I have drilled out wooden dowels and I have also used thick wall CVP pipe for chute control handles.


----------



## rwh963 (Nov 21, 2019)

i suggest you spend $13 and get it from honda! gotta support the good companies....


----------



## orangputeh (Nov 24, 2016)

rwh963 said:


> i suggest you spend $13 and get it from honda! gotta support the good companies....


kidding right?

last year I went thru between 20 and 30. This is a NUTTY price for this.

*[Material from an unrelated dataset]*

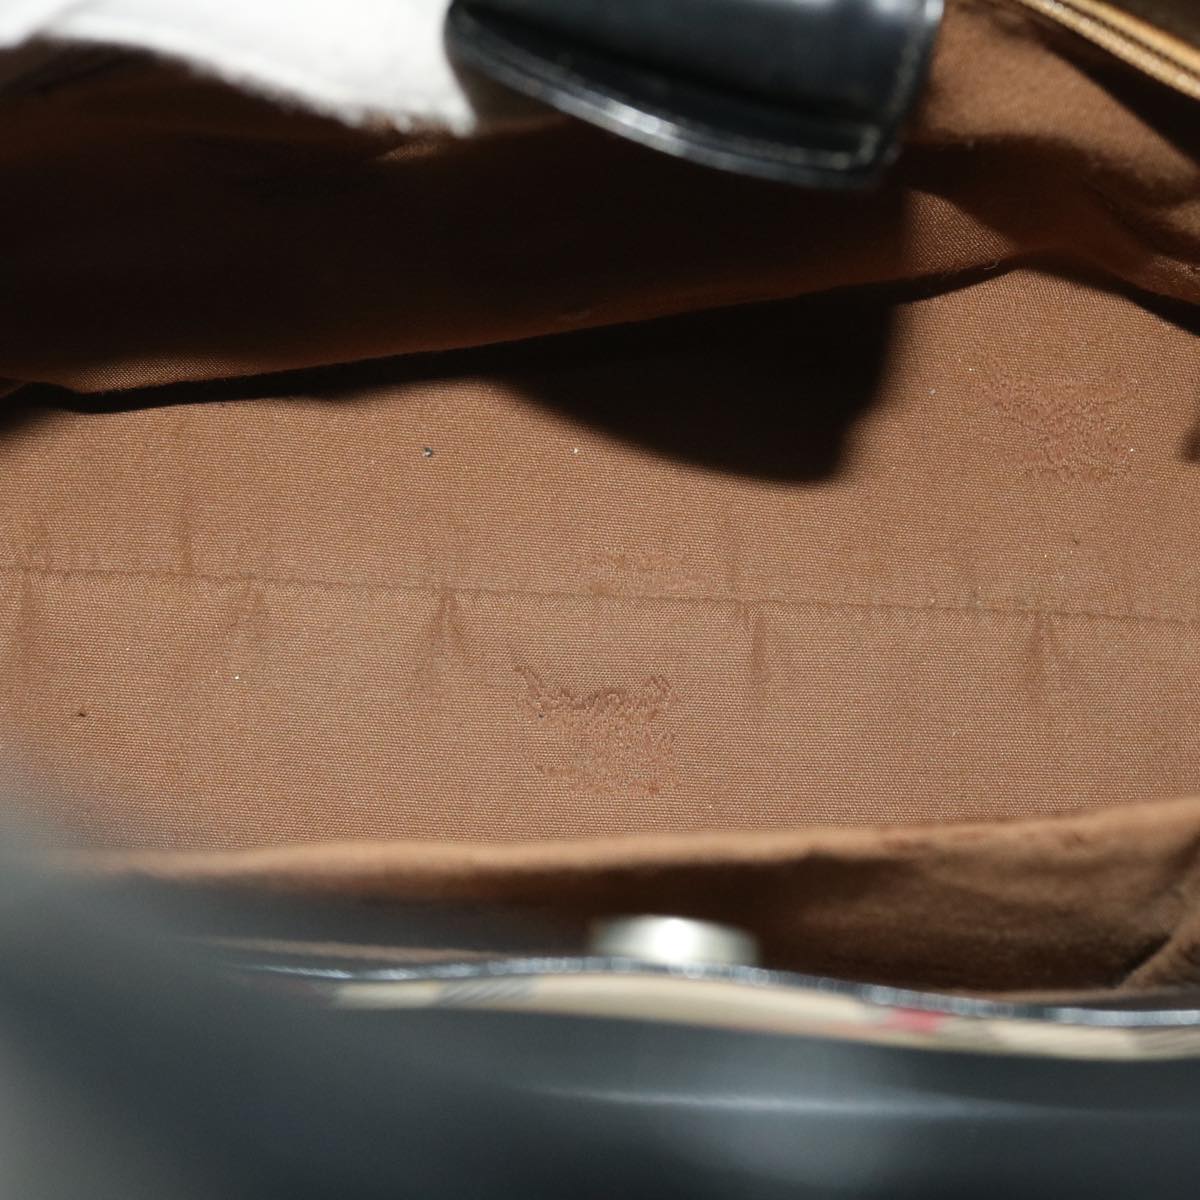 Burberrys Nova Check Shoulder Bag Canvas Leather Beige Black Auth 53783

Anyway , I figured out to use bicycle handle grip tape. 4 rolls of 6 feet for $8.99. That will do about 24 chute handles.


----------



## tabora (Mar 1, 2017)

orangputeh said:


> I figured out to use bicycle handle grip tape.


But it doesn't spin...


----------



## orangputeh (Nov 24, 2016)

tabora said:


> But it doesn't spin...


helps you get a grip. i refuse to spend 13 bucks for that POS.


----------



## rwh963 (Nov 21, 2019)

do you even need it? my old ariens doesn't have anything but a bare metal rod.


----------



## deezlfan (Nov 8, 2017)

The spindles left over from cash register paper work pretty good.


----------



## Yanmar Ronin (Jan 31, 2015)

I highly suspect the local home center has something on the shelf... a pole end, a chair leg/floor protector... something.

I have used handlebar wrap on mowers and such... not so bad but all you want is a handle to grab...?


----------